Models are generally thought of as people who are seen and not heard, but every once in a while one of them breaks the sound barrier. Such is the case with Karen Elson, the red-haired mannequin who dominated fashion imagery at the turn of the millennium, and who has just written a no-holds-barred autobiography.
“The Red Flame,” which will be published on Oct. 13 by Rizzoli, contains more than 130 photographs of Ms. Elson, including one as a ’50s movie star — swathed in a Donna Karan cream wool coat, oversize shades and stilettos, and squired by the actor John Hawkes — as well as her memories of being hospitalized as a child for an eating disorder and fending off unwanted sexual advances as a teenage model. Among other less than glamorous stories.
Before the book’s release, Ms. Elson sat on a cushioned bed in her Nashville home, wearing a floaty floral dress bought at a flea market, and talked via Zoom about why she decided it was time to open up. The conversation has been edited for clarity.
Why did you want to write a book?
Because people see you in two dimensions on the page of a magazine, they assume that you’re two dimensional as well and the picture is essentially who you are. I really wanted to get under that and show my perspective. It’s been a couple of years in the making, from having the first conversation to scouring my archives and figuring out what images to use. And then writing it and really trying to dig deep and be honest.
In social media culture, everything is squished to a 15-second sound bite, and if I’m doing something for a brand, I have to speak about how great the product is. No one is ever asking about my insights and my career and job as a model. So I figured I’d take the opportunity to unearth these things and talk about the stuff that’s pretty hard.
Has your attitude toward your job changed?
Now, if anyone asks me to do a nude, there has to be a conversation before I get on set so I have the ability to say, “No, I’m not comfortable doing that.” I’ve got to have a say in these things, but in the past I didn’t. I just took it as “this is what is expected of me.”
It wasn’t until I got older, maybe even when I had kids and moved to Nashville and got a little bit of distance from the fashion world, that I started doing some digging inside myself about what feels comfortable. I started to realize that a lot of the times I’ve done nudes I have felt uncomfortable, but there’s this sort of subtle conditioning that happens to a model, or did back in the day.
The last time I was offended on a shoot or show was a couple of years ago. The photographer was being really offensive to everybody. He would say things to be controversial and made comments about how people used to call me “fat.” It crossed a line, so I called my agents, and we had a conversation with the magazine and with the photographer’s people and — I can’t say who, what, how, why — but action was taken.
People used to call you fat?
Yes, at 130 pounds I could be deemed heavy. In the real world that is just insane, and a really dangerous narrative, but fashion is so insular that it has enabled very toxic mind-sets to thrive because nobody’s ever really questioned it.
Are there any designers or photographers you avoid working with?
There are a number of people I avoid working with absolutely — because I didn’t enjoy the experience. I was maybe made to feel less than, so why bother walking into that arena again? But I believe in redemption.

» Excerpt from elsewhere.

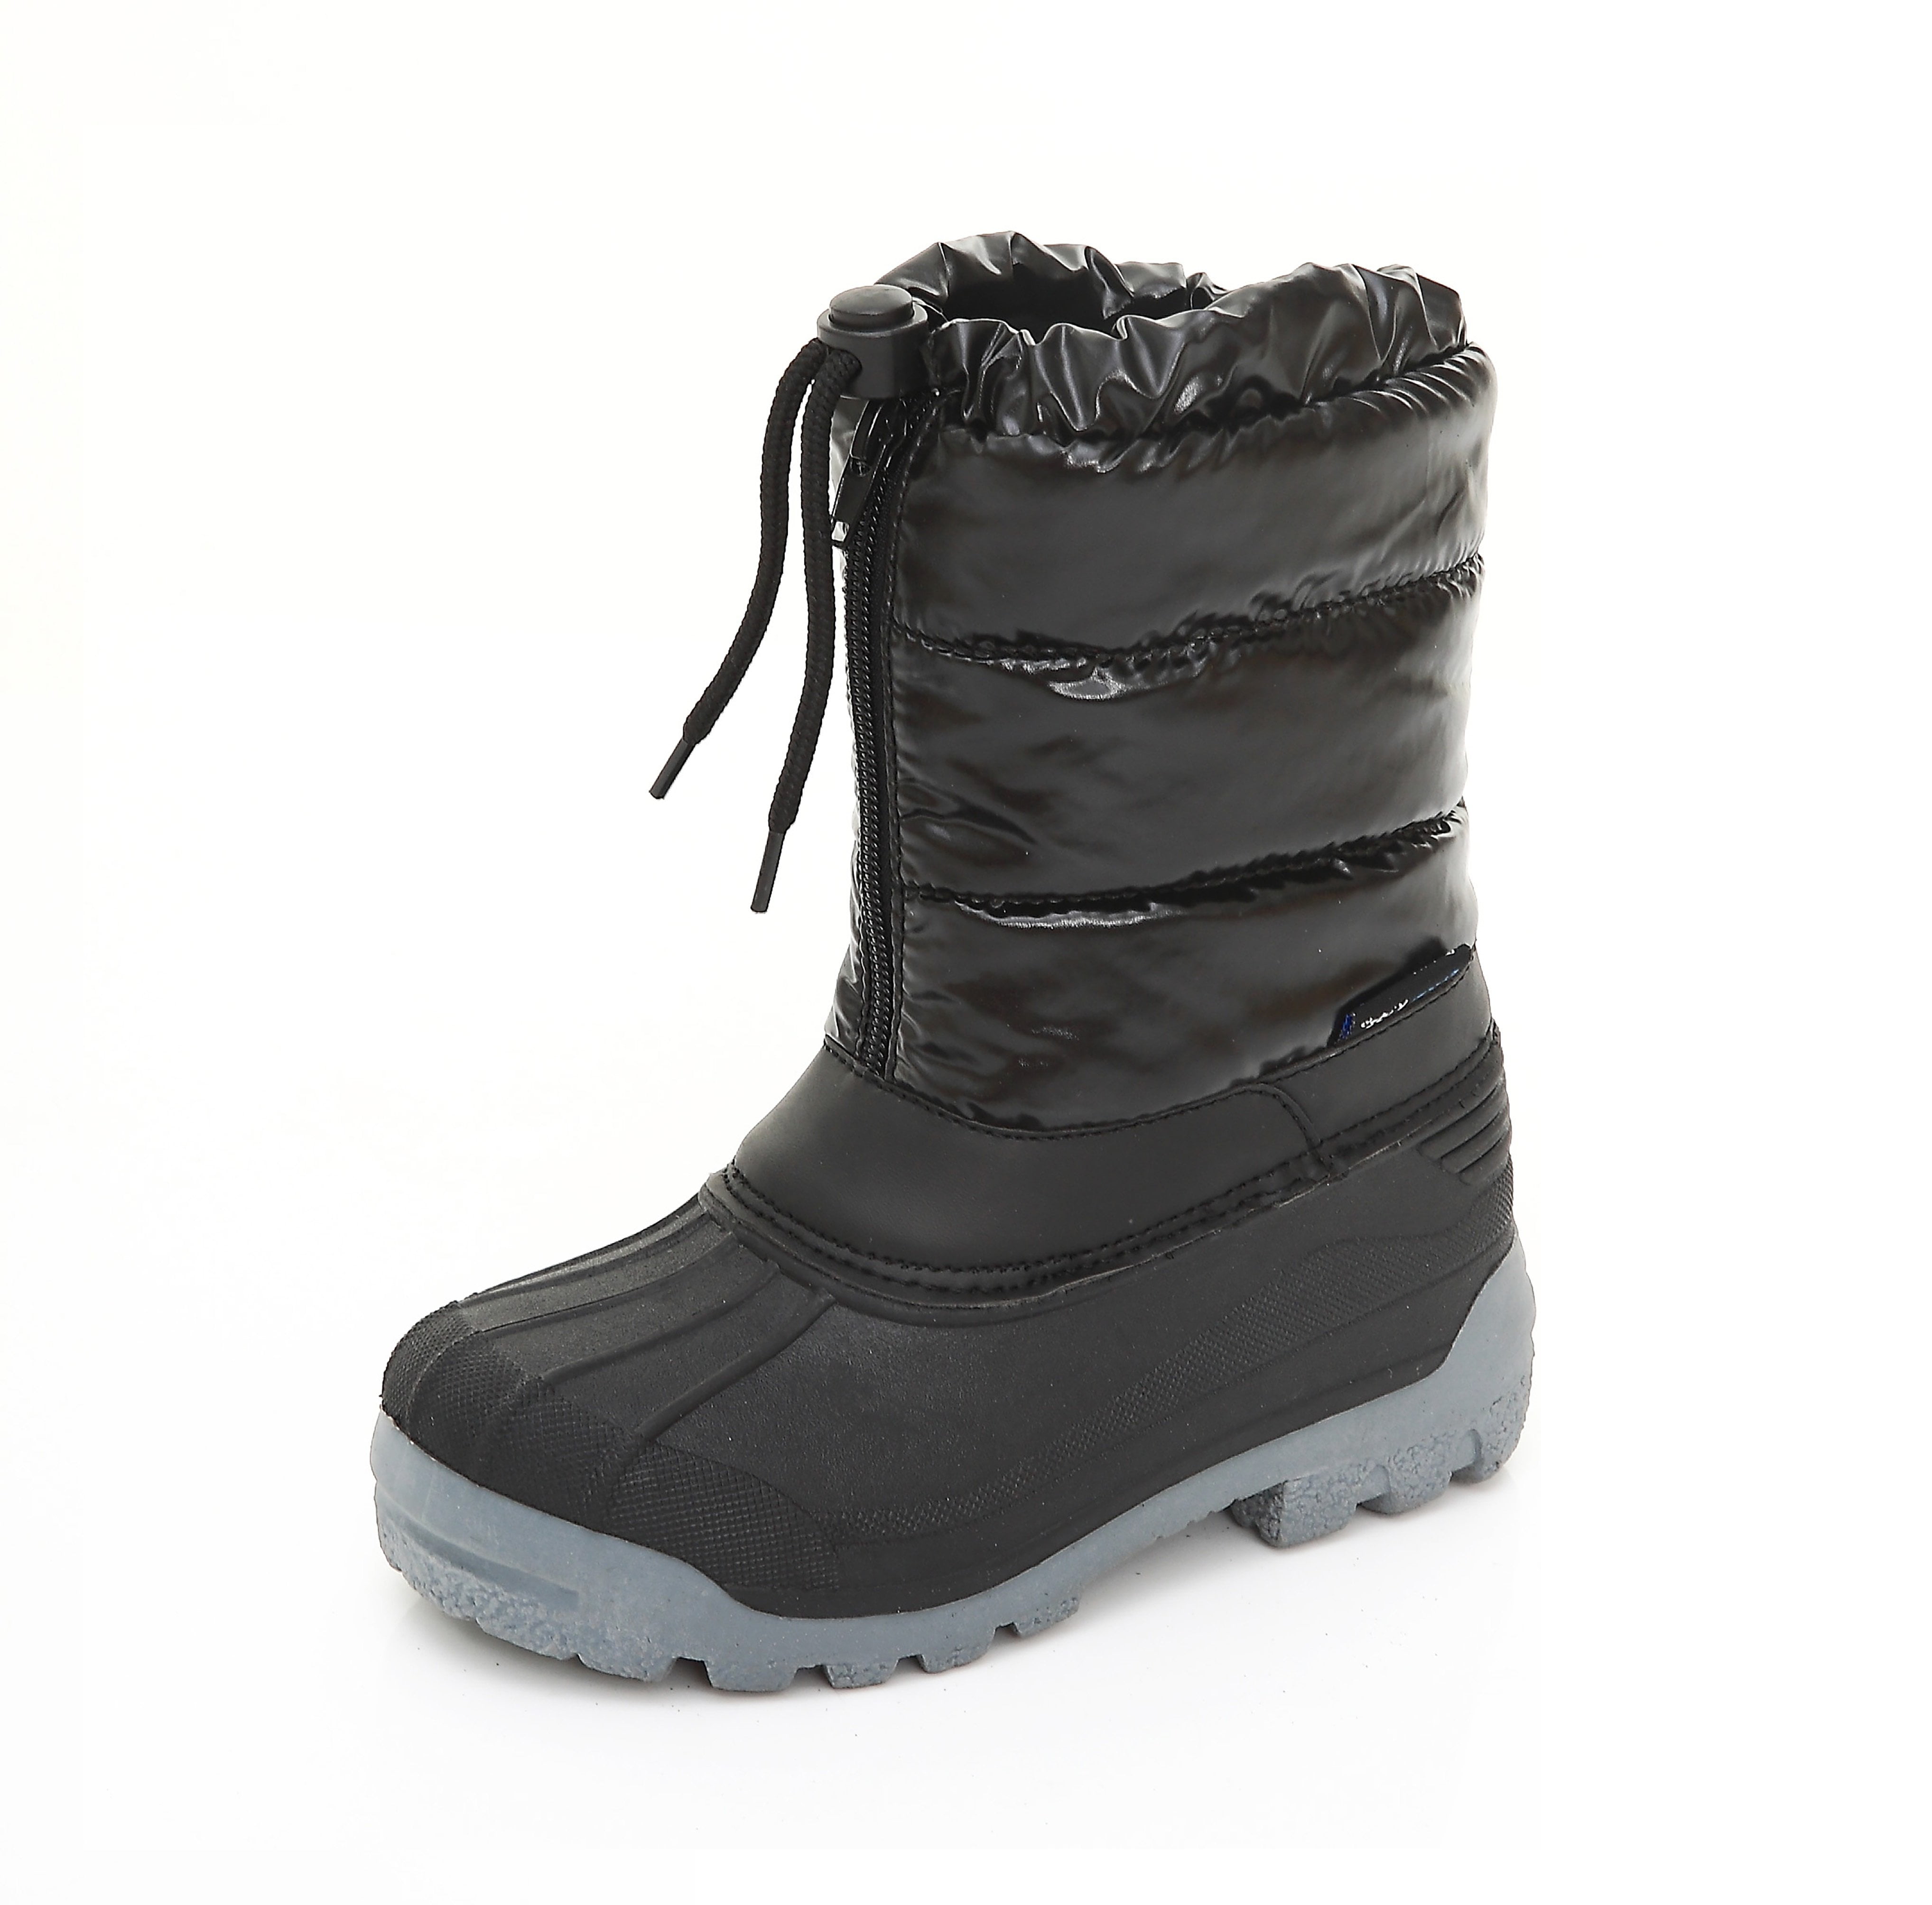 Storm Kidz - unisex kids winter snow boots - insulated zipper & bungee ...
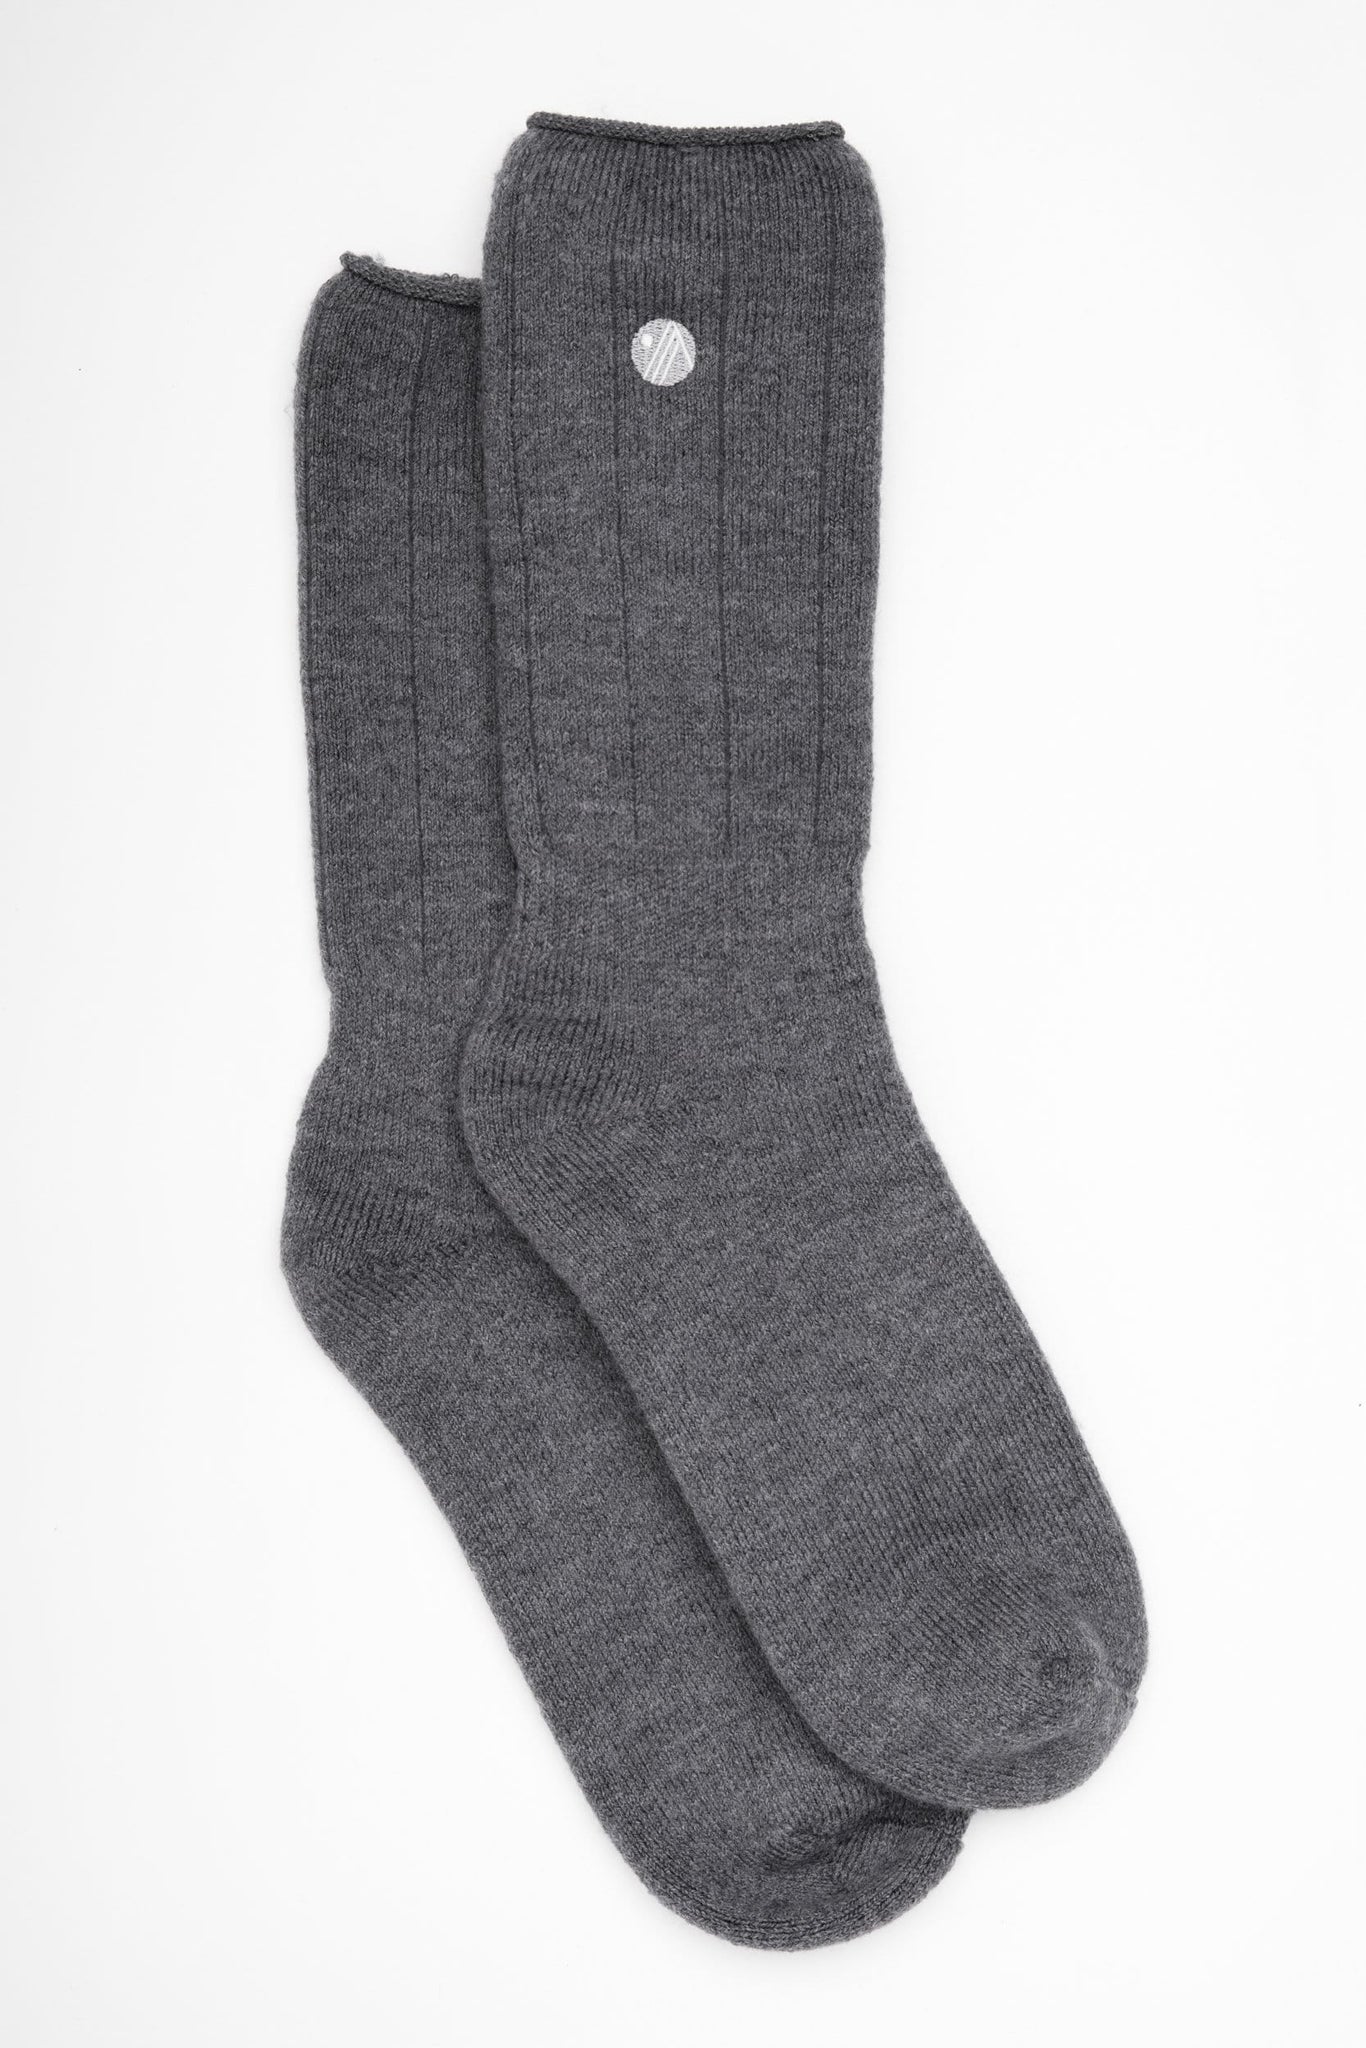 Merino Wool Hiking Socks - Charcoal Socks

I walked in Dolce & Gabbana shows, but after the thing that happened with their show in China, I’ve not worked with them again. And I donated my fee to the Model Alliance for the last show I believe I did with them.
I will draw the line when there are things that are sexual in nature. But if it’s toxic behavior like bullying, acting like a tyrant on set or yelling at people, fat-shaming people — if I can say, “You know, I want to talk about how this behavior made me feel,” then maybe, just maybe, I might be able to move on from it. But I will always take the side of the victim because I myself have been in situations where I’ve been treated terribly, and it has scarred me.
You just walked in Fendi’s show. Do you still like the catwalk?
There is a lot of camaraderie, especially with the models who have known each other like a decade plus. It’s always a funny thing when someone is trying to tell you how to walk on a runway. We go, “It’s not my first rodeo!” At one point, one of the models — and it may even have been me — took the microphone because this guy was explaining it to us. And then we were like, “Ladies, this is how you walk down the runway.”
What would you like to see changed in modeling?
Often models are very passive in the financial decisions that are being made for them. In the past I’ve had experiences where I think I’m getting X amount, and then there are fees and commissions, taxes, expenses that were not necessarily explained to me beforehand, and you find yourself in the red. I think a little transparency with these things would go a long way.
Do you still watch the collections?
When it’s my friends like Anna Sui or Proenza Schouler. But I’m not as clued in as you’d imagine because I don’t live and breathe fashion. I’ve got two teenage children, and I’ve got a music career. I’ve got other things in my life.